Arne Carlsson
- Born: c. 1939 Motala, Sweden
- Nationality: Swedish

Career history

Sweden
- 1956-1963: Kaparna
- 1964-1966, 1968: Getingarna

Great Britain
- 1960: New Cross Rangers
- 1961-1962: Swindon Robins

Individual honours
- 1959, 1962, 1963: Speedway World Championship finalist

Team honours
- 1964, 1965, 1966: Allsvenskan Champion

= Arne Carlsson (speedway rider) =

Swedish speedway rider

Arne Carlsson (born c. 1939) is a former international motorcycle speedway rider from Sweden.

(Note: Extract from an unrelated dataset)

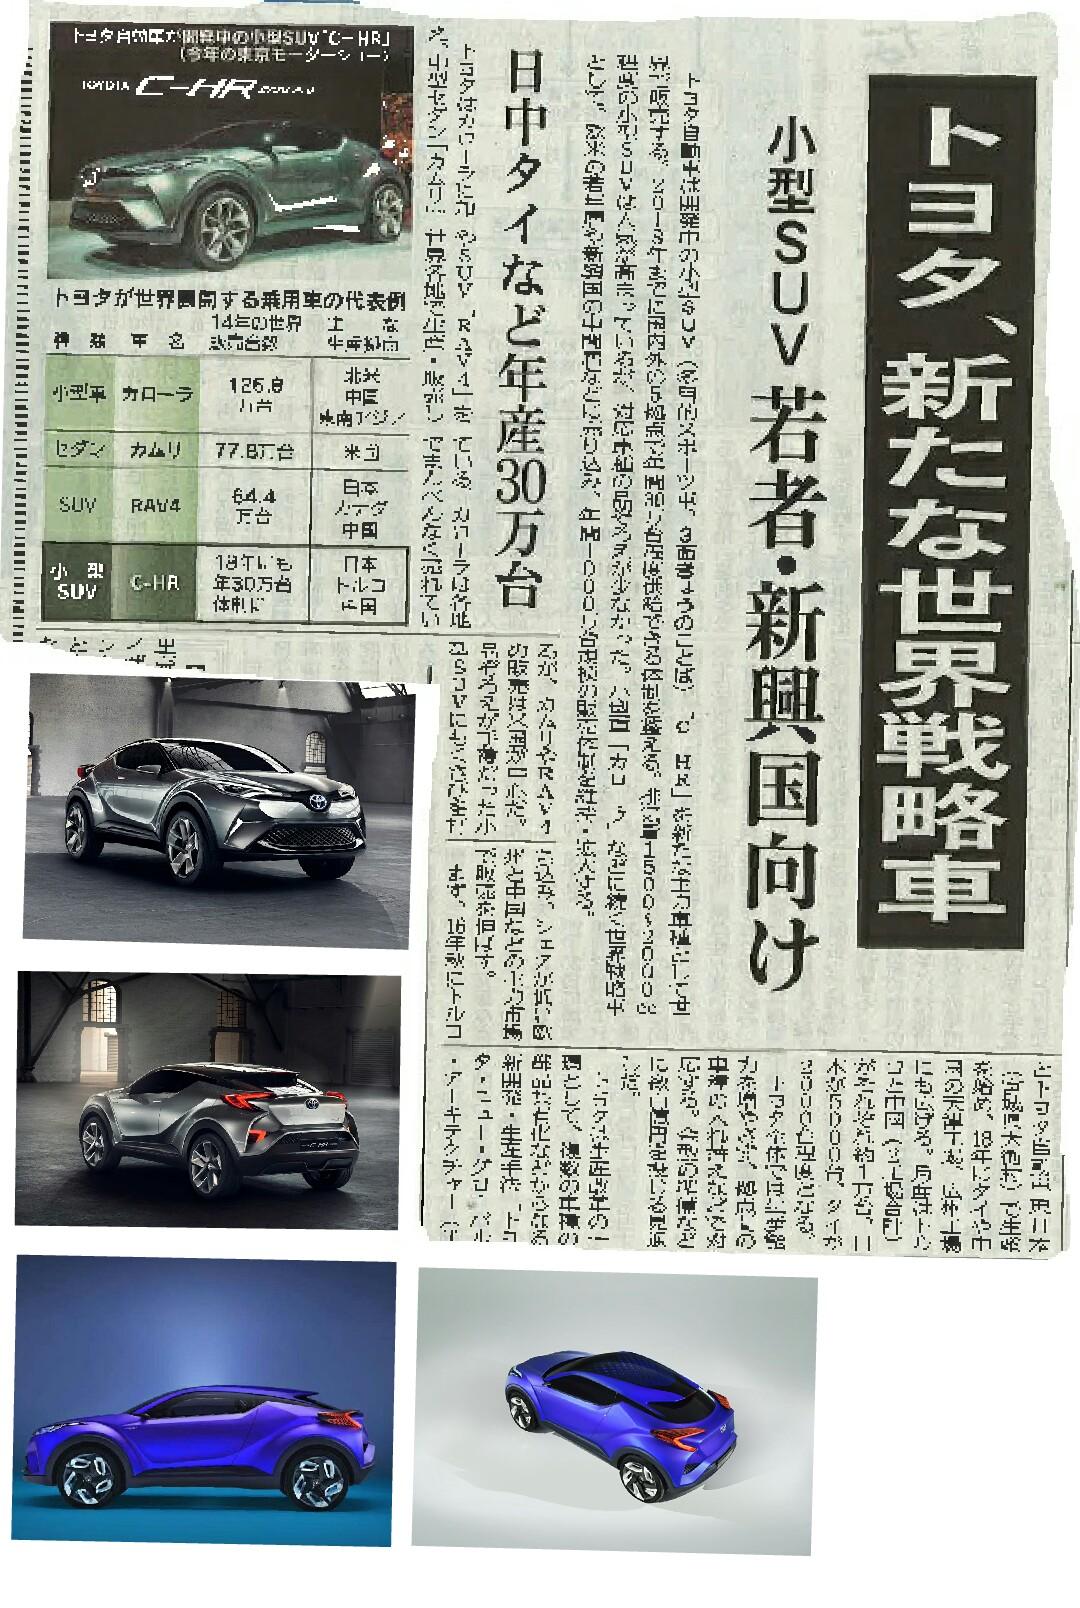 トヨタC-HR 16年秋 日本発売 日経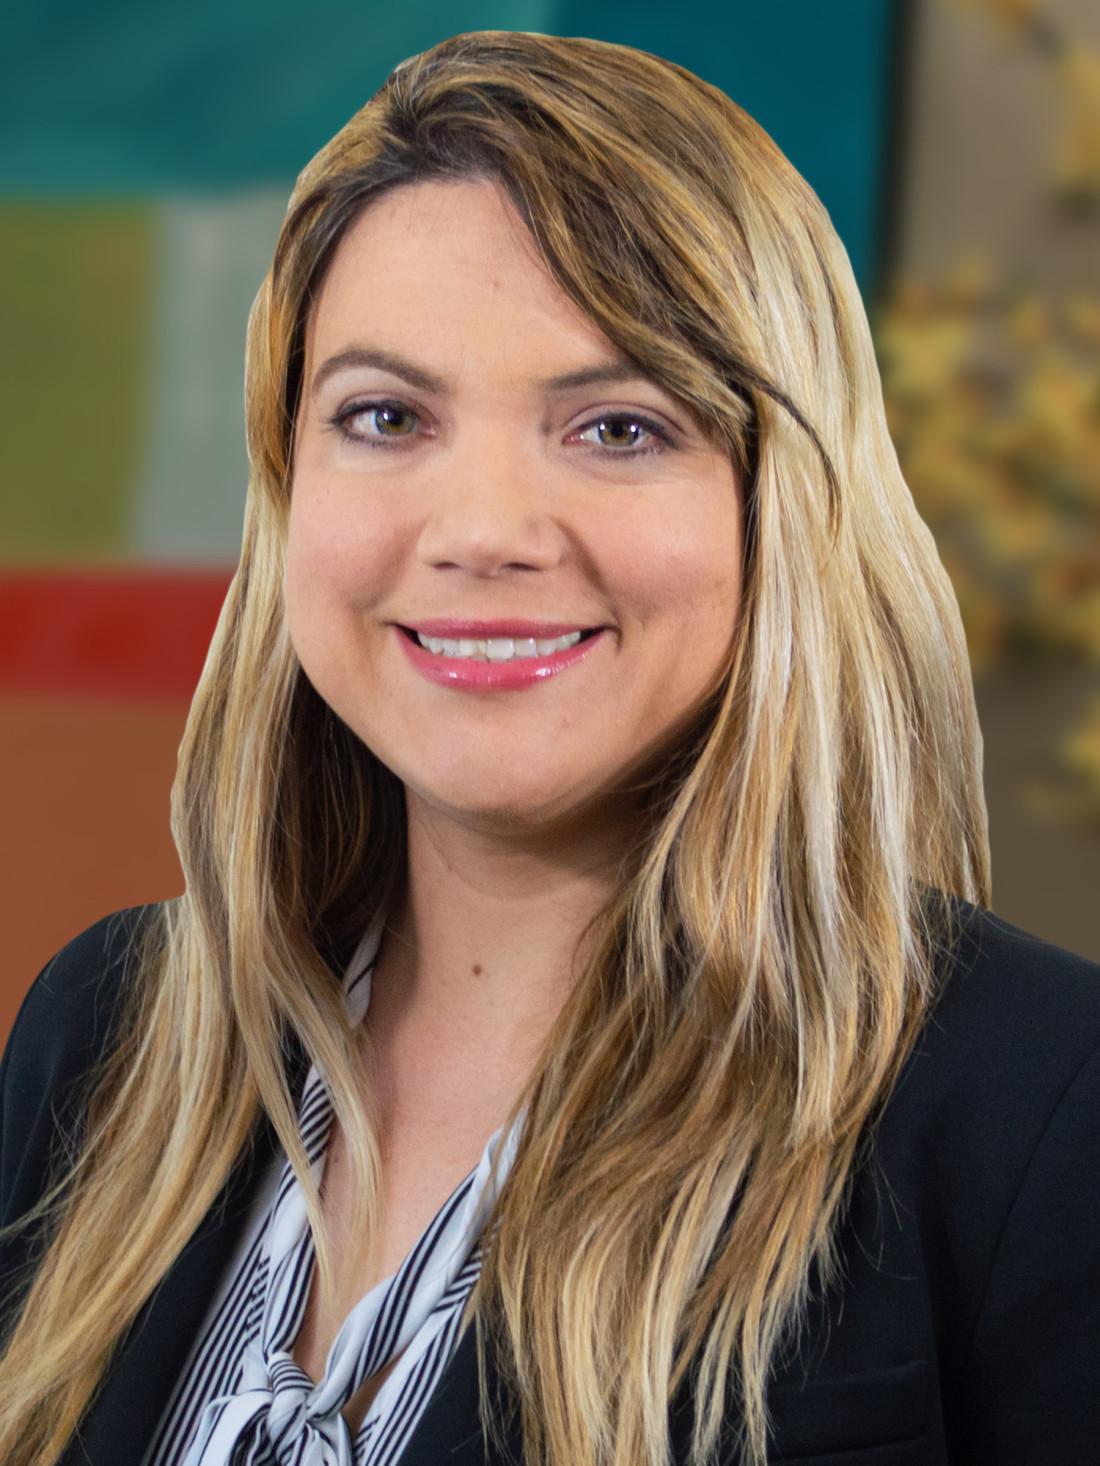 25ba78ca41b7 Karen A. Evans is an associate in the Tax

He earned 17 caps for the Sweden national speedway team.

== Speedway career ==
Carlsson reached the final of the Speedway World Championship on three occasions during the 1959 Individual Speedway World Championship, 1962 Individual Speedway World Championship and 1963 Individual Speedway World Championship.

He rode in the top tier of British Speedway, riding for New Cross Rangers in 1960 and Swindon Robins from 1961 to 1962.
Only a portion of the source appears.